Last Flight of the Acheron
Page 9
“This might be worse than last time,” I warned Chief Burke over the helmet comms. “This is a habitable, and the Tahni have always been more possessive about those. The Intelligence types think it’s a religious thing.”
“I’ve kept up on the reports, ma’am,” she said, as politely as an NCO can when they’re telling an officer to stick it. Then she added, “That’s probably why they reacted so violently to the squatter colonies to begin with, I suppose. They don’t really need them, but if God Himself says all the living worlds belong to you, then that would make anyone who says different a blasphemer.”
“How the hell did a society that primitive ever last this long?” I muttered, shaking my head.
“Cause we’re experts going off our grand total of two examples of intelligent species.” Burke’s tone was sardonic and I glanced at her, grinning.

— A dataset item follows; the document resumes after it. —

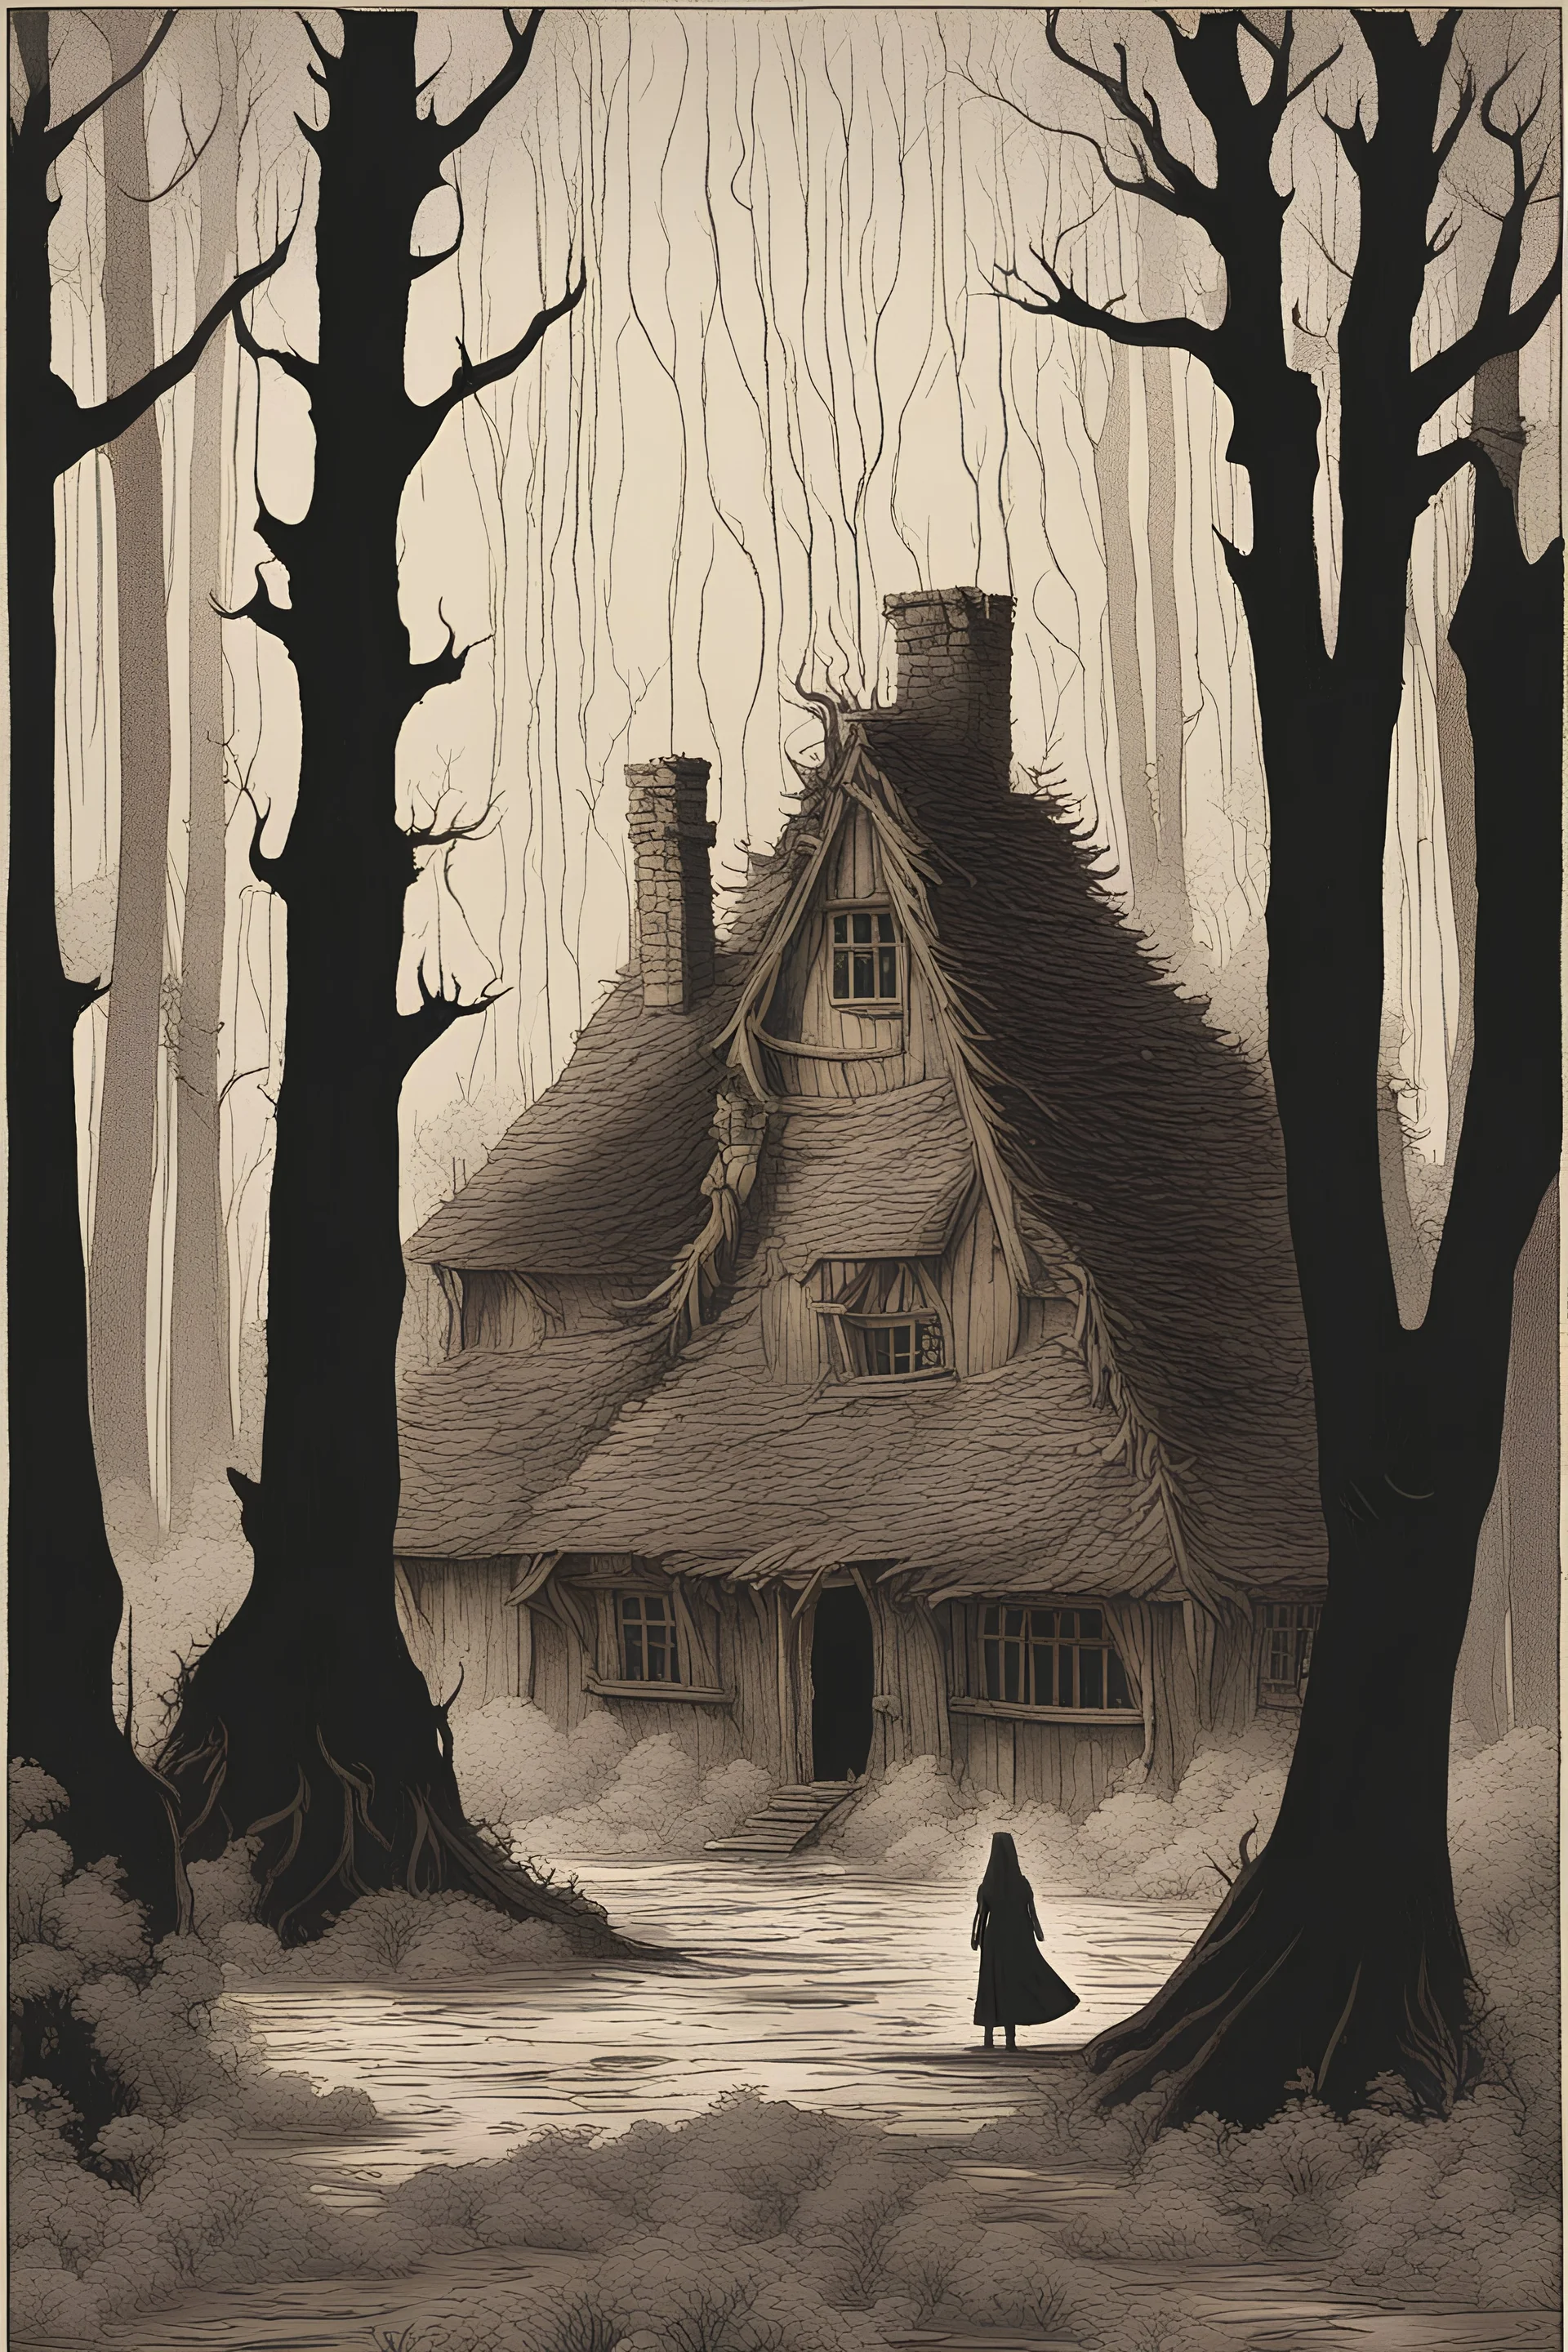 In the heart of a dense, ancient forest, a medieval cottage collapsing and barely visible engulfed in flames, its timeworn timbers crackling and sending plumes of smoke into the sky. In the foreground, a mysterious woman in silhouette stands, the house is melting like candy. the house is engulfed in flames. a woman in a cloak hides behind a tree. it is nighttime.

“Touché, Chief,” I acknowledged.
“Still, I get where you’re coming from, ma’am. Some people think they got a little help from the Predecessors.”

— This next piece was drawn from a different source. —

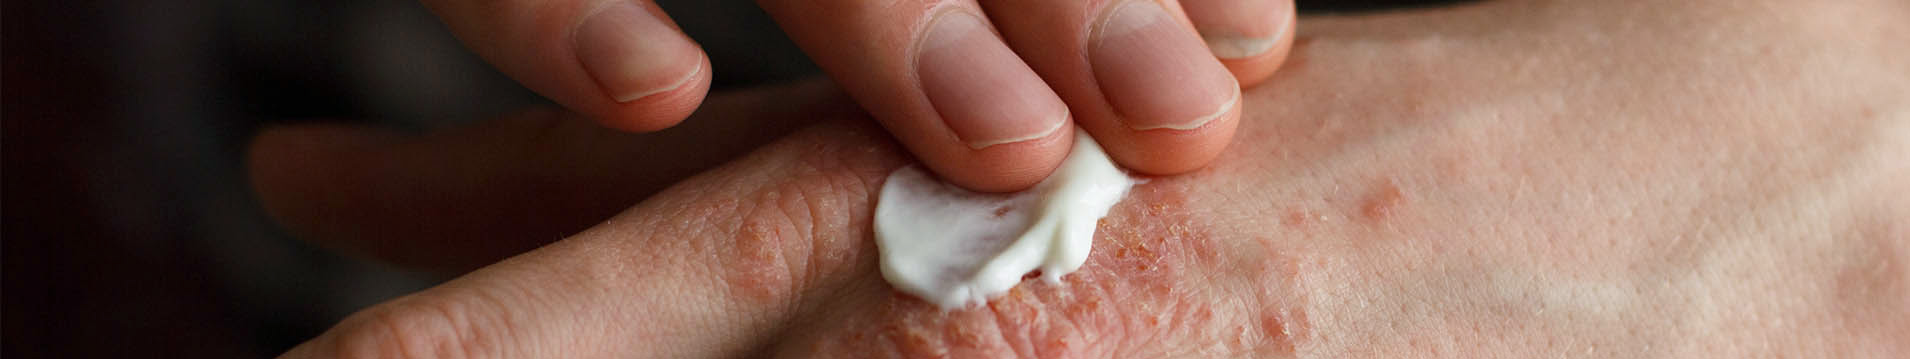 Image of Topical Cream Being Applied to Rash on Hand

“And some people see the damned Predecessors behind every rock,” I countered. “Don’t get me started on that.”
“Thirty seconds to Transition,” Burke said, abruptly turning serious now that we were on the clock. “Good luck, ma’am.”
She sounded pretty fatalistic about the whole thing, which didn’t raise my spirits any.
We were suddenly somewhere else, and I immersed myself in the interface and let it all wash over me, not focusing on any one detail but letting the big picture piece itself together. The first piece was us: the Strike Wing, winking into existence almost as one, falling back into the globular formation we’d occupied when we’d left the 82 Eridani system. My squadron was near the forward edge of the globe and ready to split off at the order from Keating.
The next layer of data was the system itself. The star was small, and white, and hot; and the terrestrial planet closer in was a cinder, burned black and useless. The next world out was similar to Venus, both in size and character, a sizzling wasteland with an acidic, crushing atmosphere.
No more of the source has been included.